Topographical Distributions of Allelic Loss in Individual Non-Small-Cell Lung Cancers

Yasushi Yatabe*, Hiroyuki Konishi{dagger}, Tetsuya Mitsudomi{ddagger}, Shigeo Nakamura* and Takashi Takahashi{dagger}

From the Department of Pathology and Clinical Laboratories*
and the Department of Thoracic Surgery,{ddagger}
Aichi Cancer Center Hospital, Nagoya; and the Laboratory of Ultrastructure Research,{dagger}
Aichi Cancer Research Institute, Nagoya, Japan

Non-small-cell carcinomas of the lung, especially adenocarcinomas, are characterized by a high degree of morphological heterogeneity. As carcinogenesis has been suggested to be a multistep process involving sequential accumulation of multiple genetic alterations, morphological heterogeneity may represent a cross-sectional view of genetic alterations within individual tumors.
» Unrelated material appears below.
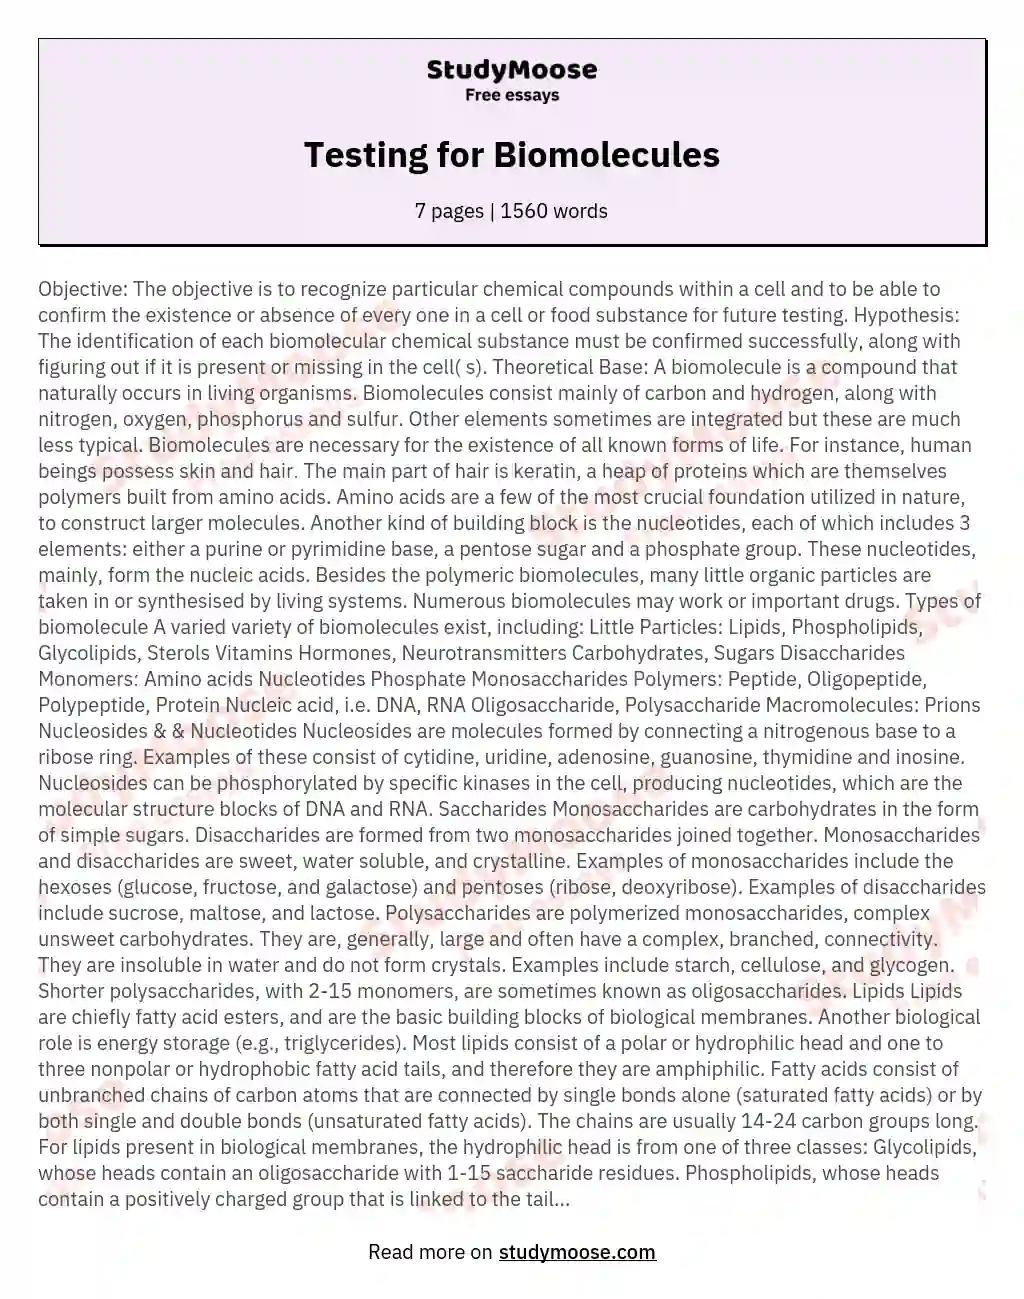 Testing for Biomolecules essay

We therefore examined the topographical distribution of loss of heterozygosity (LOH) events within 10 non-small-cell lung cancers to investigate whether, and which, genetic alterations are accumulated in relation to morphological progression. LOH at the TP53, 17p13.3, and 3p loci was detected in six, eight, and six of 10 informative cases, respectively. In each case, all portions of the tumor shared concordant LOH despite morphological diversity. In contrast, distributions of LOH at 2q, 9p, and 22q, which have been reported to be associated with the advanced stages of tumors, were divergent in two of three, four of eight, and one of one cases with LOH, respectively. In these cases, presence of LOH was mostly related to the morphological tumor grades. These findings suggest the accumulative feature of genetic alterations in particular loci that can be seen even in individual tumors. Furthermore, the present study indicated that cross-sectional examination of individual tumors is also important for better understanding of molecular pathogenesis of lung cancers.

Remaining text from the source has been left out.